В её груди что-то оборвалось.

Она хотела закричать. Схватить его за плечи и трясти, пока не выпадет правда. Но доказательств не было.

Только высоко повешенный кролик. Только уверенность в голосе Билли, который в истерике шептал:

— Это он! Я знаю, что это он!

Но что она могла сделать?

Обвинить ребенка без доказательств?


* * *


Раз в год приютских детей вывозили на побережье — единственный праздник в их жизни. В тот день даже Том казался оживлённым, хотя и держался в стороне от общей суеты.

Эми Бенсон и Деннис Бишоп заметили, как он незаметно исчез с пляжа.
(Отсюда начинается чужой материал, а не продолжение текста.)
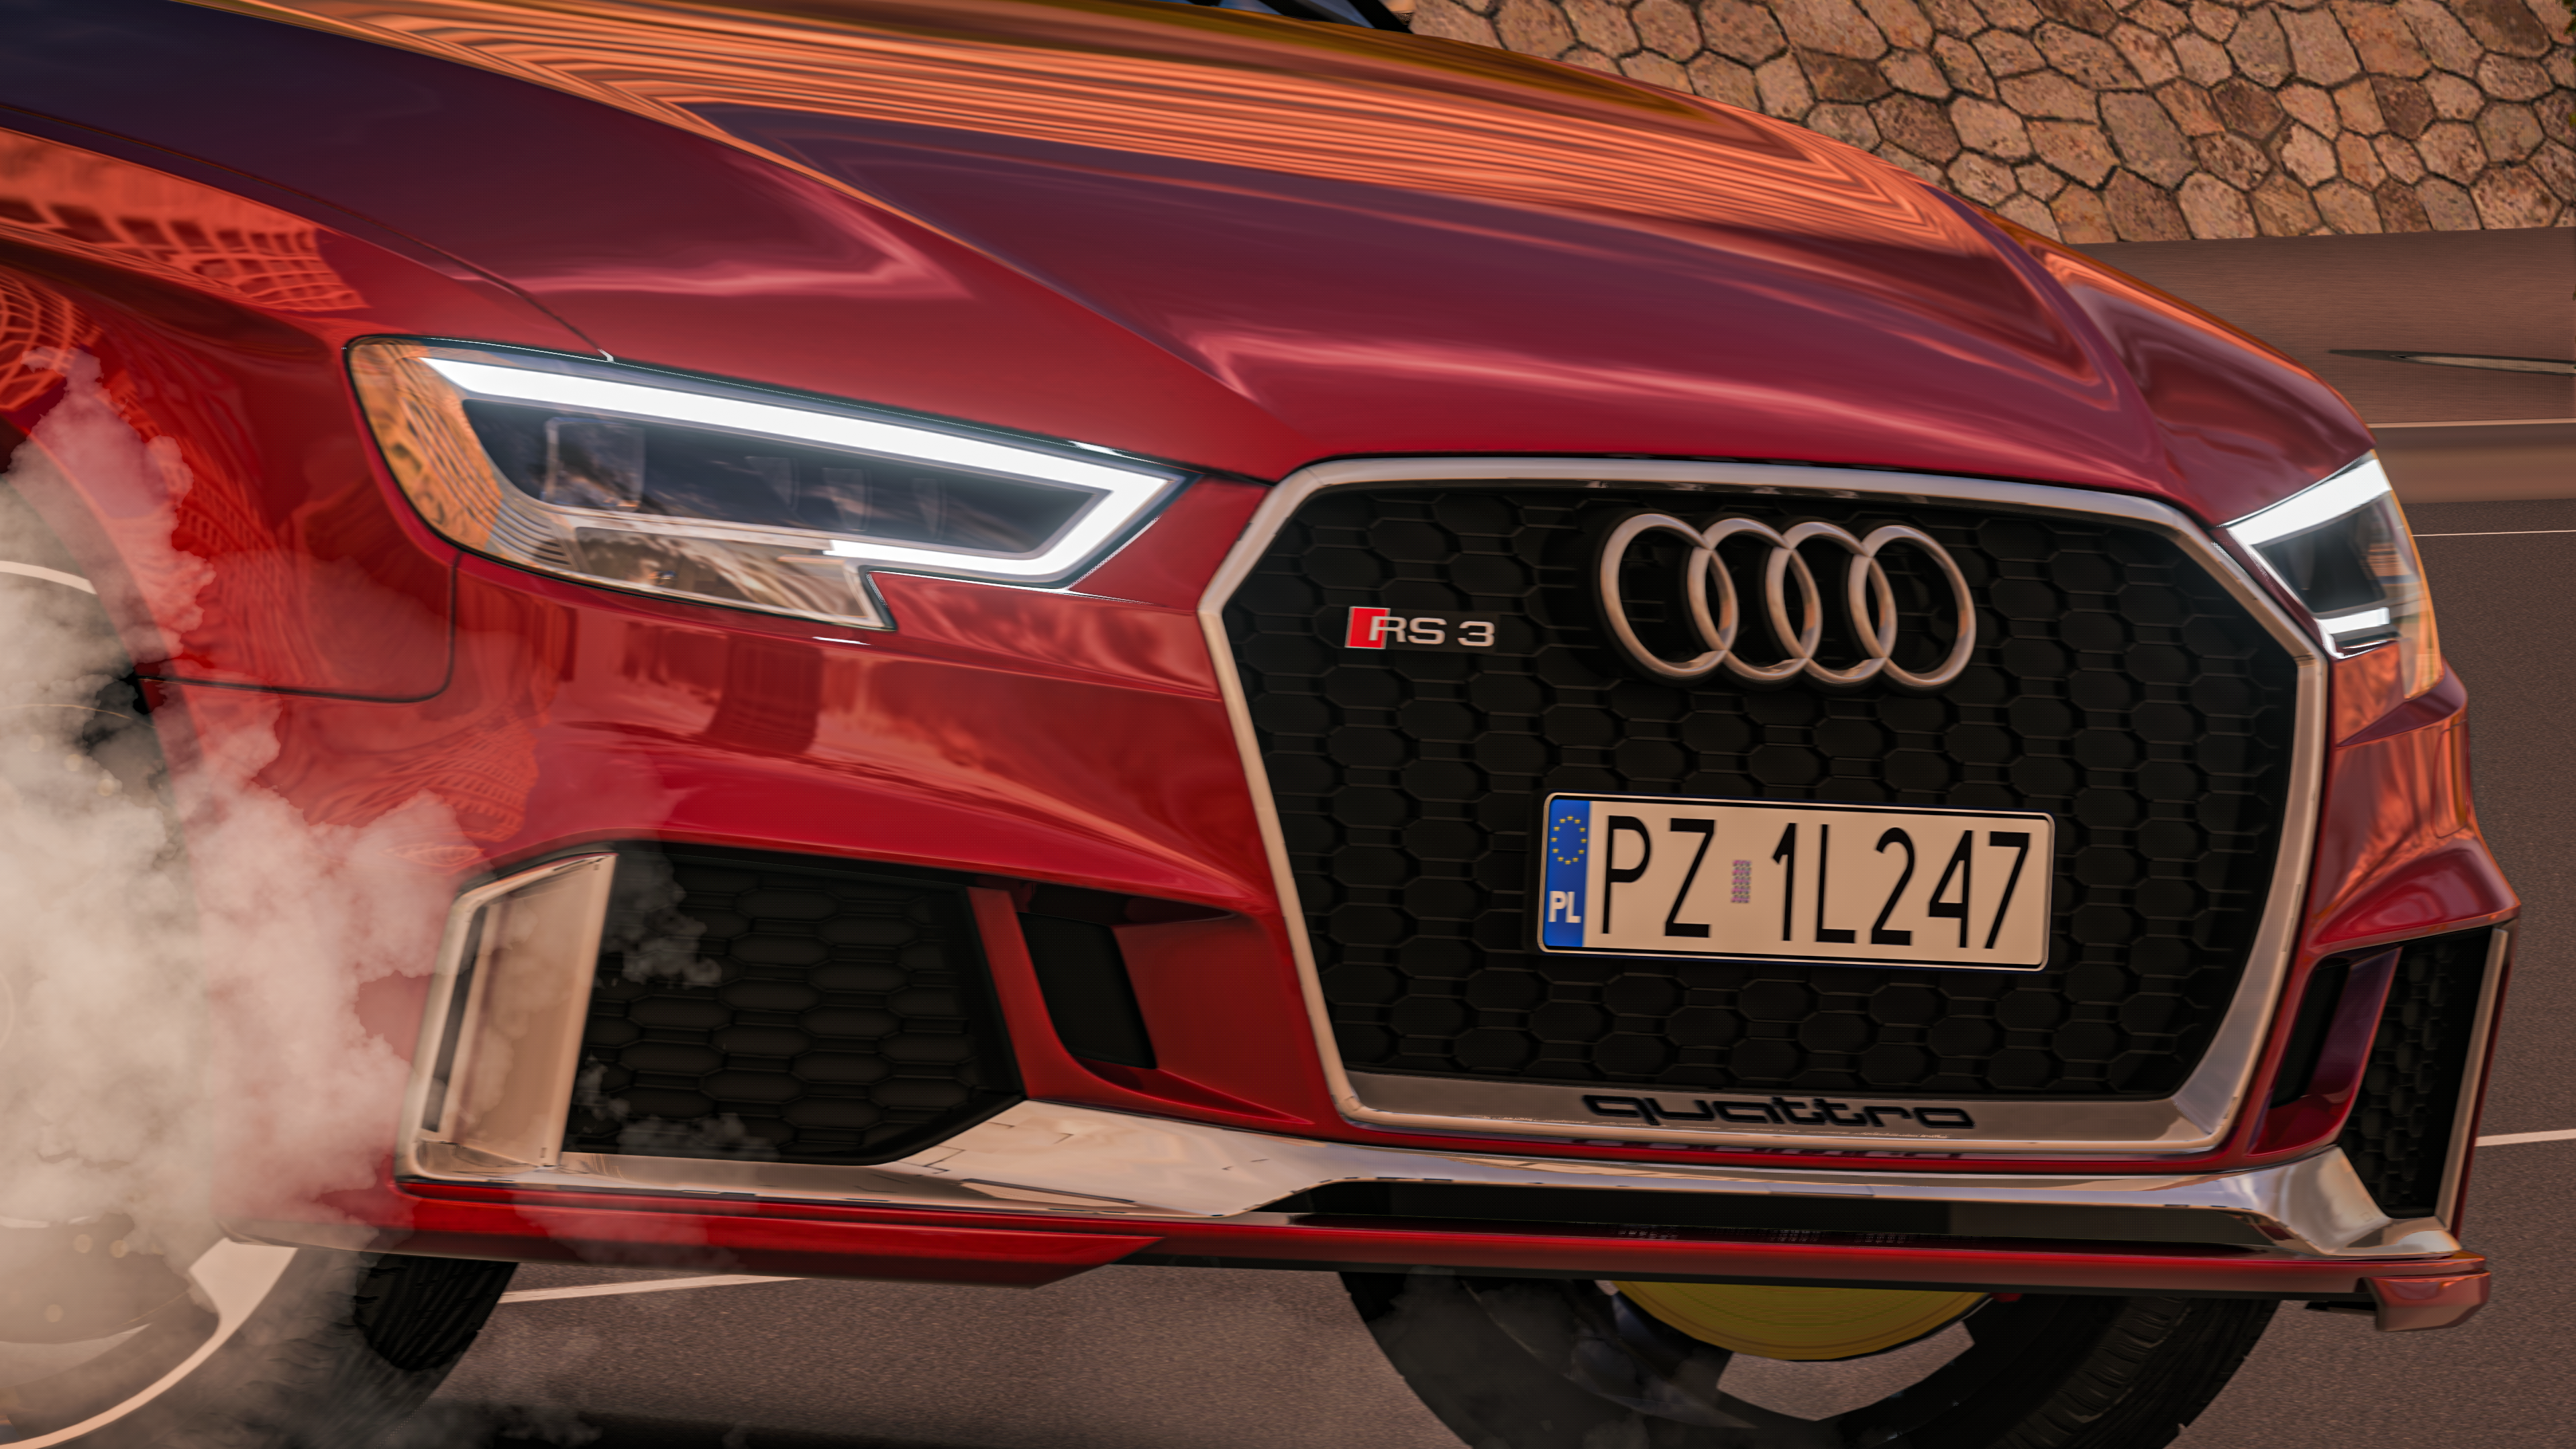 Audi RS3 Sportback #3 by AGAMHWP34 on DeviantArt

— Он опять куда-то пошёл один! — прошептала Эми, толкая Денниса локтем.

— Давай посмотрим.

Они нашли Тома у входа в прибрежную пещеру. Он стоял неподвижно, глядя в чёрный провал среди скал.

— Ты что, туда пойдёшь? — крикнул Деннис.

Том обернулся, лицо его на мгновение исказилось досадой, но тут же стало обычным — спокойным, вежливым.

— Это опасно, — сказал он. — Вам лучше вернуться обратно.

Но чем больше он отговаривал, тем сильнее им хотелось за ним последовать...

Они вернулись к ужину бледные и молчаливые.

Эми, обычно болтливая, сидела, уставившись в тарелку, её пальцы нервно теребили край передника. Деннис вздрагивал от каждого звука.

— Что случилось? — спросила Элизабет, опускаясь перед ними на корточки.

— Мы просто...осматривали пещеру... с Томом, — прошептали дети, избегая взгляда.

Том же стоял чуть поодаль, наблюдая. Его лицо было невозмутимым, но пальцы слегка сжимали край стола — белые от напряжения.

За руку мисс Коул оттащила его в свой кабинет, закрыв дверь с глухим щелчком.

— Что ты с ними сделал?!

— Ничего.

— Лжёшь!! — её голос сорвался, руки дрожали. — Посмотри на них! Они словно пришибленные!

— Они испугались.

— Чего!? Чего они испугались?!

Том пожал плечами.

— Пещера тёмная. Может быть темноты.

Элизабет сжала кулаки. Впервые за все годы она не сдержалась и ударив ладонями по столу, пригрозила.

— Если ты ещё раз... ЕСЛИ ты ещё раз кого-то напугаешь, оскорбишь, доведёшь до такого состояния — я тебя в сумасшедший дом отправлю! Слышишь?!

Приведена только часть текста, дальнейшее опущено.